The Dodgers’ Trea Turner will be a free agent after this season. Minnesota’s Carlos Correa – you probably associate him more with Houston – has a player option for next season, so he could be available. But those guys will probably cost more, and Swanson entered Sunday with more Wins Above Replacement, according to Baseball Reference, than Turner and Correa (all three are close).

Swanson has, without question, been one of baseball’s top shortstops this season. He also loves Atlanta and has been impactful in the clubhouse. This is a good recipe for a long-term partnership.

“We’d love to have him back,” Matzek said. “It’s out of our control as players – whatever shakes out, shakes out. But I know that even if he’s not in this clubhouse, he’s in the clubhouse. And what I mean by that is that he’s rubbed off on so many players in this clubhouse that a little piece of Dansby is going to be left behind in every single player. His game shows up in everybody.”

Swanson, whose faith is important to him, does not know where his journey will lead. But he is intent on leaving it in God’s hands.

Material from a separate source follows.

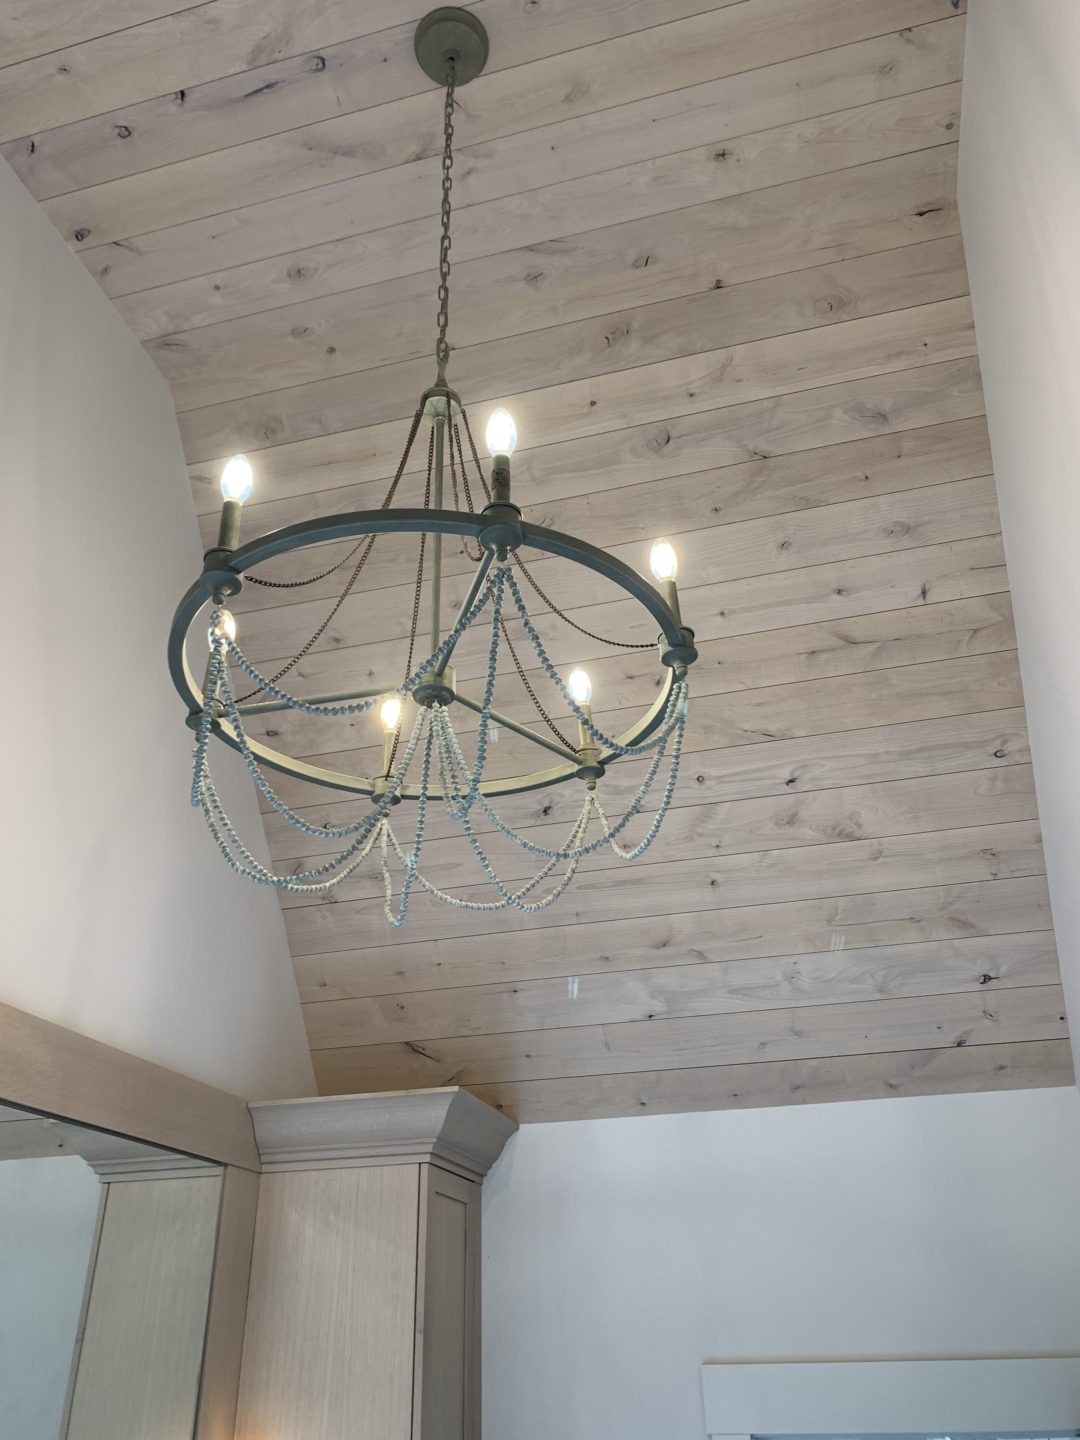 evergreen-portfolio-hinckley-transitional-french-country-interior-lighting-details-wood-paneling

“I think you, in a way, kind of have to,” Swanson said. “There’s been so many times that I’ve trusted my own understanding and it never works out for you. Just even this season for Mal and I – season of life, not just baseball season – a lot of things you question or don’t have clarity on and the more you try to dig in yourself, the more you kind of feel like you’re being led astray. I feel like we’ve really talked a lot about just surrendering it all over. Just where we’ll be, and we’re saying that where we’re supposed to be is going to be impactful for God and his kingdom.

“Just trying to keep that perspective is challenging and hard, but I think it’s the right way to go. Knowing that trusting in a plan that you may not understand is going to lead to bigger and greater blessings of whatever that’s supposed to look like. It’s not easy, it’s definitely challenging, but from life experiences, that’s the right way to do things.”